検査数も少ない上、変異株検査も少ない都市が7月には五輪を開催しようなど正気の沙汰ではないが、むしろ、これは東京五輪を開催するための実態隠しなのではないかという穿った見方が出てくるのが自然だろう。感染者数の問題はもちろんのこと、変異株感染が確認された場合は原則入院措置がとられ、退院基準が厳しく入院期間が長くなるとも指摘されている。つまり、これまで以上にすぐさま病床が逼迫する可能性が高いからだ。

市民の安全よりも東京五輪開催が優先されるという、この異常事態──。しかも、そこまでして東京五輪を開催しようという動機は、なにかと強調される「復興五輪」でも「アスリートファースト」でもなく、スポンサー企業のためでしかないことがあらわになっている。

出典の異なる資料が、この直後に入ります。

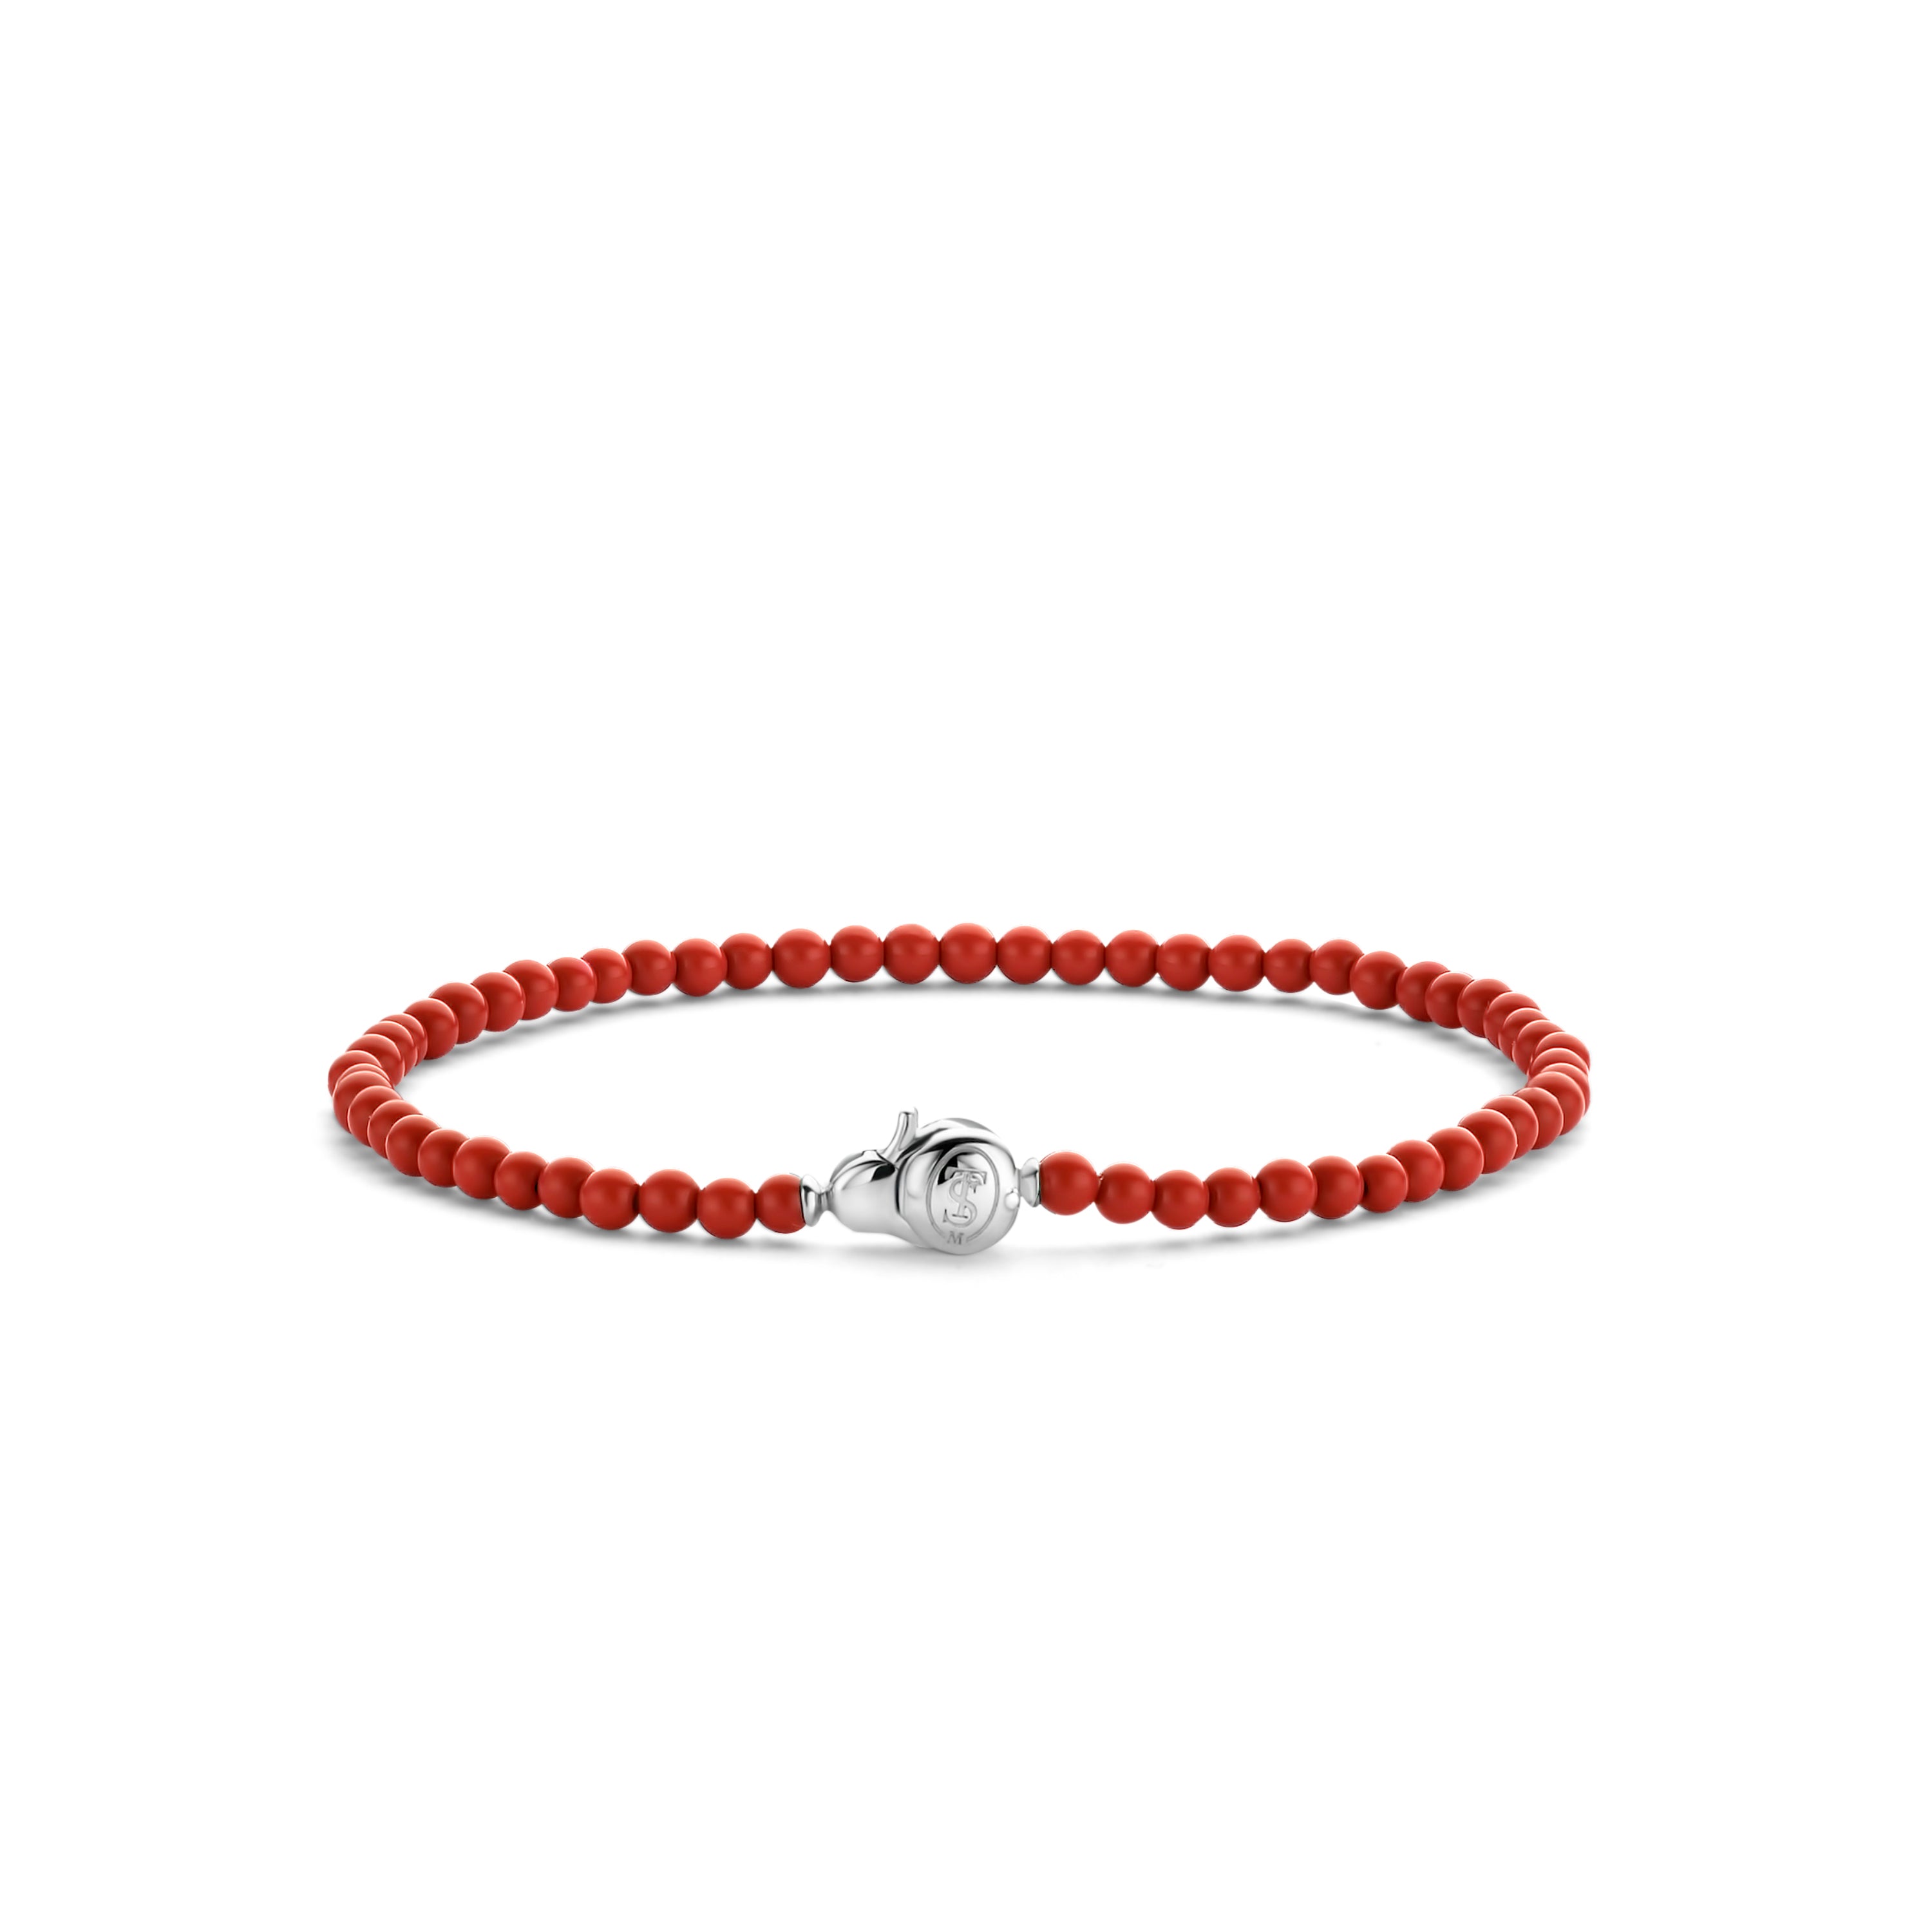 Red Coral Bead Bracelet

実際、本サイトでも既報で取り上げたように(https://lite-ra.com/2021/03/post-5836.html)、25日からはじまった聖火リレーでは、聖火ランナーよりも先導するコカ・コーラやTOYOTAなどのスポンサー企業の車両が感染対策も万全とは言えない状況でバカ騒ぎを繰り広げていることが明らかになった。

●報道の自由より五輪利権優先 マスコミ各社に聖火リレーの動画公開は72時間以内の制限

しかも、聖火リレーをめぐっては、報道の自由より国際オリンピック委員会(IOC)のビジネスのほうが優先されていることも明らかになった。

くだんの聖火リレーにおけるバカ騒ぎは、東京新聞がネット版記事で動画をつけて指摘。同記事の動画は「大手マスコミが報じない実情」として大きな反響を呼んだのだが、東京新聞はこの動画を28日夕方に削除してしまった。

しかし、これは何も東京新聞が圧力に屈した結果ではない。IOCが、「新聞メディアが撮影した動画を公開できるのは走行後72時間以内」というルールを敷いているためだ。

憲法に保障された報道の自由よりもIOCのルールが優先されるとはまったく意味がわからないが、そもそも組織委は昨年、一般人が撮影した聖火リレーの動画をネット上に投稿することさえ「放送権を持つテレビ局の権利保護」を理由に禁じると発表し、非難が殺到したあとに「IOCから間違いだと指摘を受けた」として撤回するという騒動も起こしている。公道で一般人にそんな制限をかけられると考えた時点で何様かという話だが、このように、本番前の聖火リレーの段階から五輪の「商業主義」「スポンサーファースト」があきらかになっているのである。

それでなくても聖火リレーでは当初から懸念されていた観衆の「密」がさっそく問題化しているが、本気でこの国は世界の感染状況を無視し、国内の感染者数を抑え込むこともできないというのに、「スポンサーファースト」でしかない東京五輪を強行しようというのか。いまこそ、市民が「日本から中止の意思を表明するべき」という宮本氏の声につづかなくてはならないだろう。